-- Goal of the exercise --
Pictures aside, every line of the listing should be given again exactly.

-- Given material --

=== Section Start ===

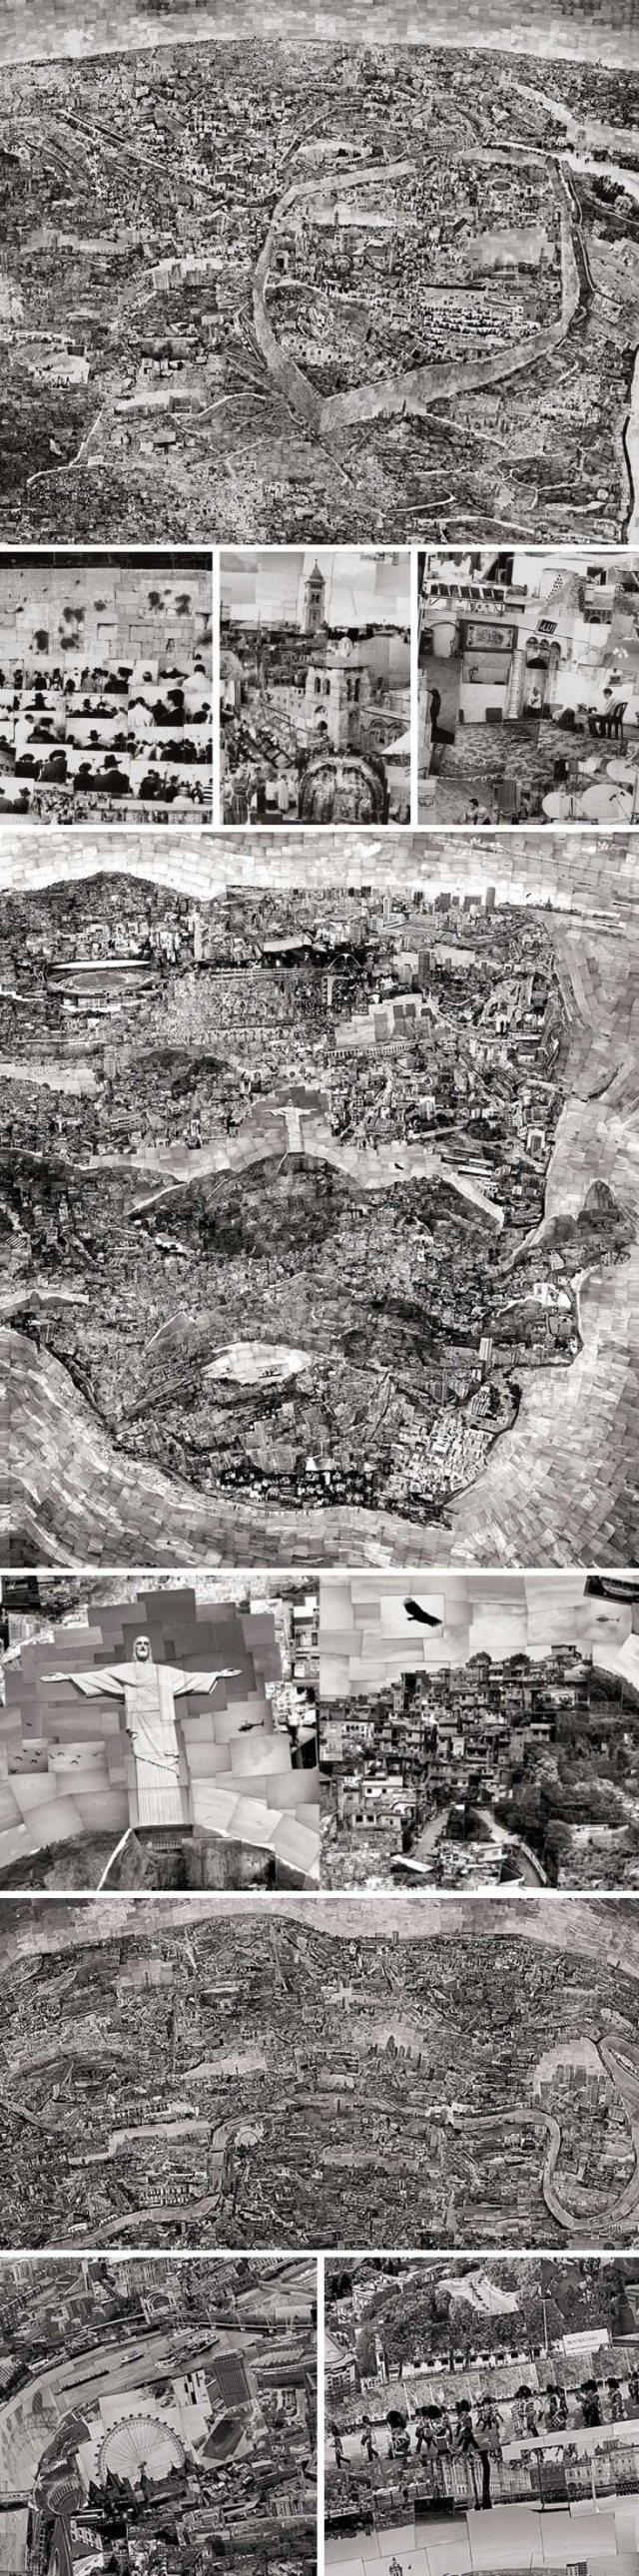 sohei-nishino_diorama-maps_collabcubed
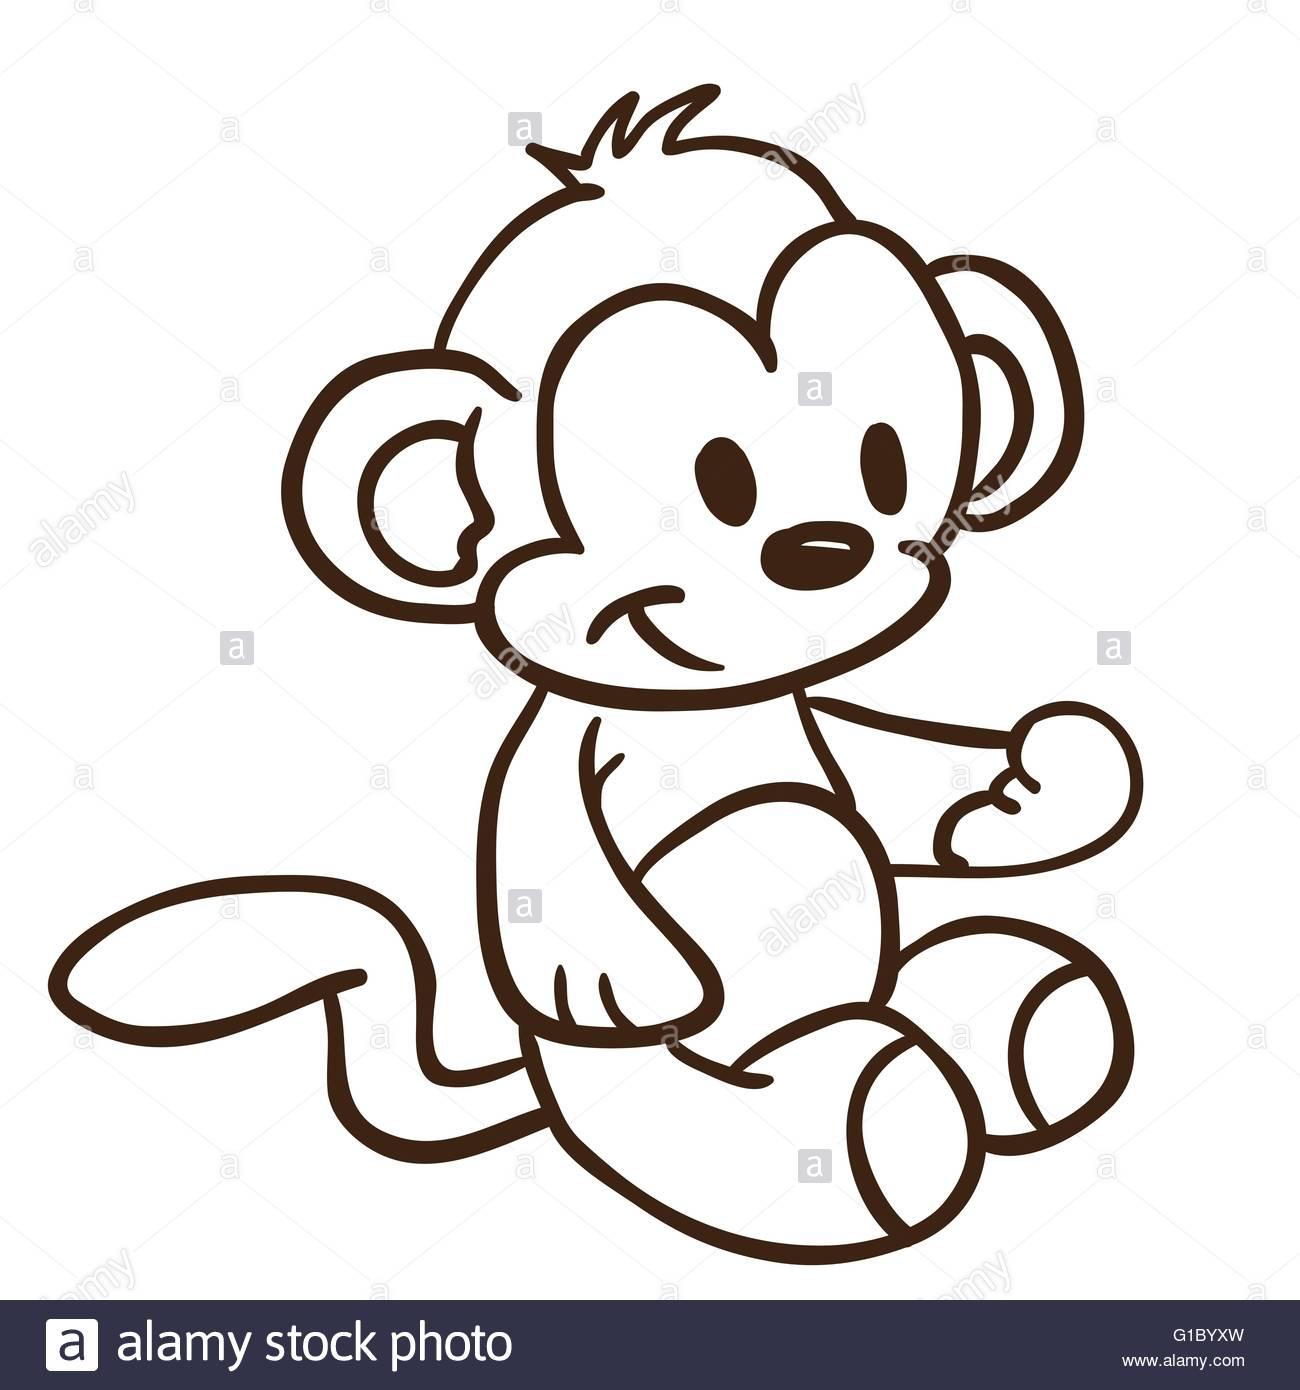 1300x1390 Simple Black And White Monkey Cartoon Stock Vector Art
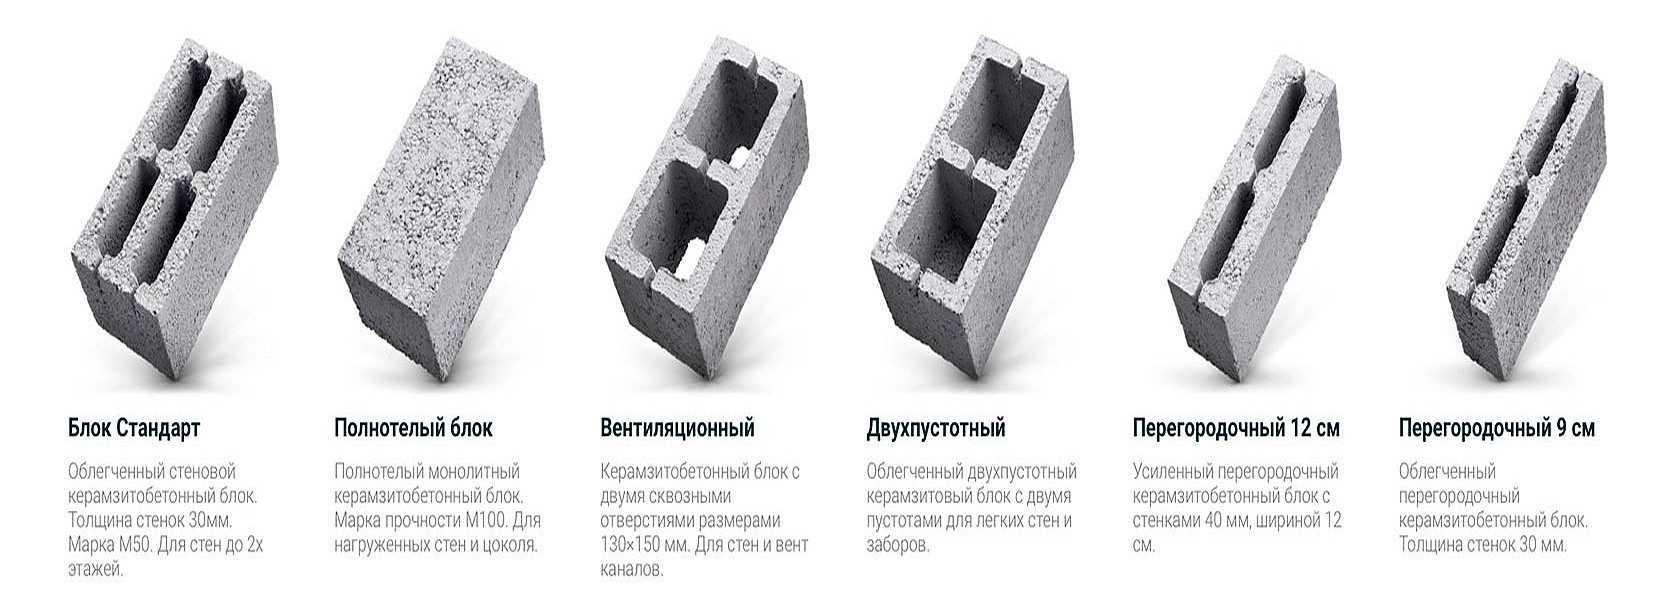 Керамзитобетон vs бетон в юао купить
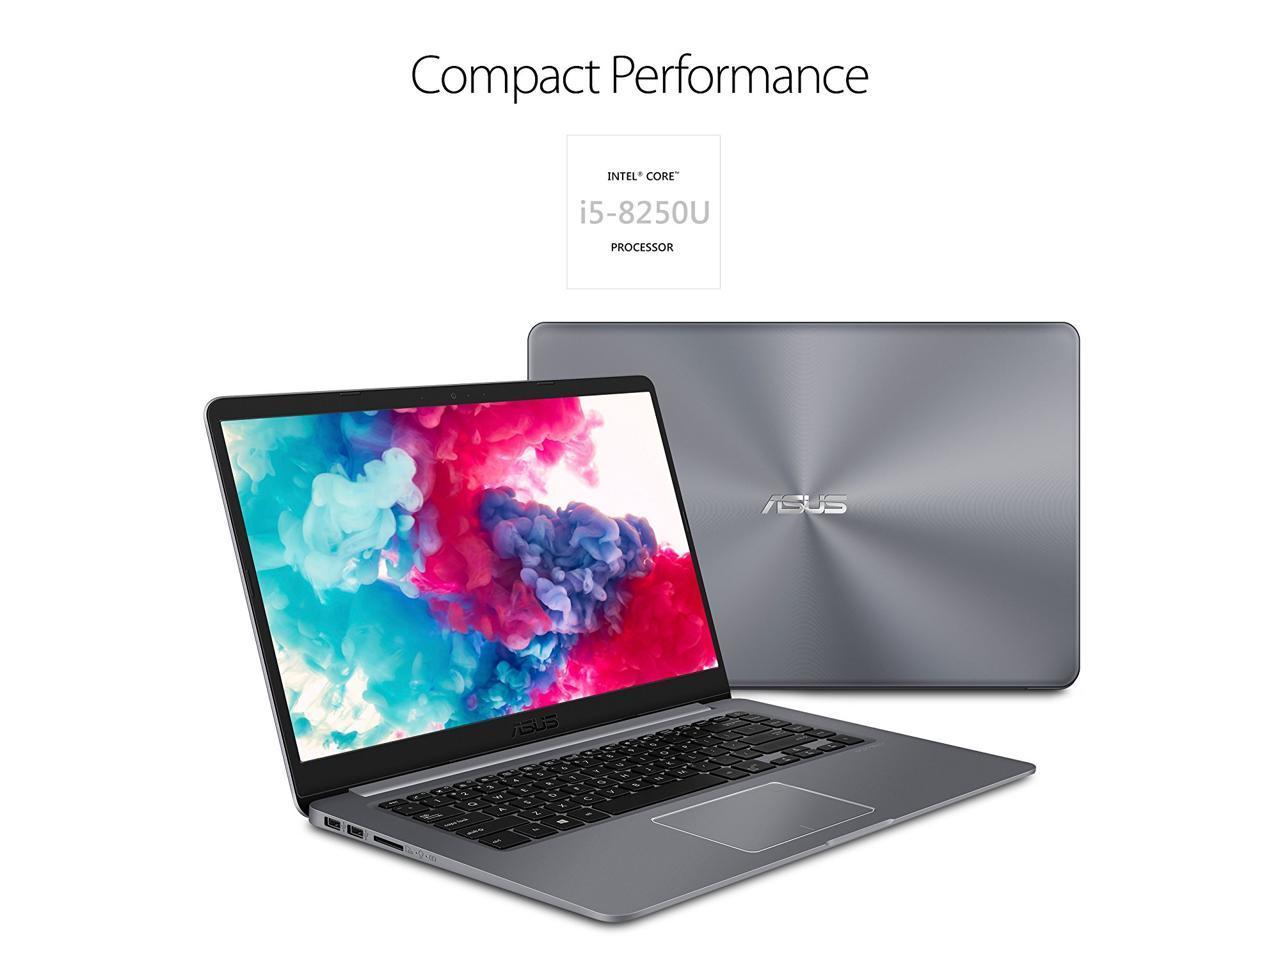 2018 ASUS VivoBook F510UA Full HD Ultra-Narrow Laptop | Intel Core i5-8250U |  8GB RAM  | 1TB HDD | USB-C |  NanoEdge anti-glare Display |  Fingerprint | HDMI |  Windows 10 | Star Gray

=== Section End ===

-- Written solution --
 sohei-nishino_diorama-maps_collabcubed
 1300x1390 Simple Black And White Monkey Cartoon Stock Vector Art
 Керамзитобетон vs бетон в юао купить
 2018 ASUS VivoBook F510UA Full HD Ultra-Narrow Laptop | Intel Core i5-8250U |  8GB RAM  | 1TB HDD | USB-C |  NanoEdge anti-glare Display |  Fingerprint | HDMI |  Windows 10 | Star Gray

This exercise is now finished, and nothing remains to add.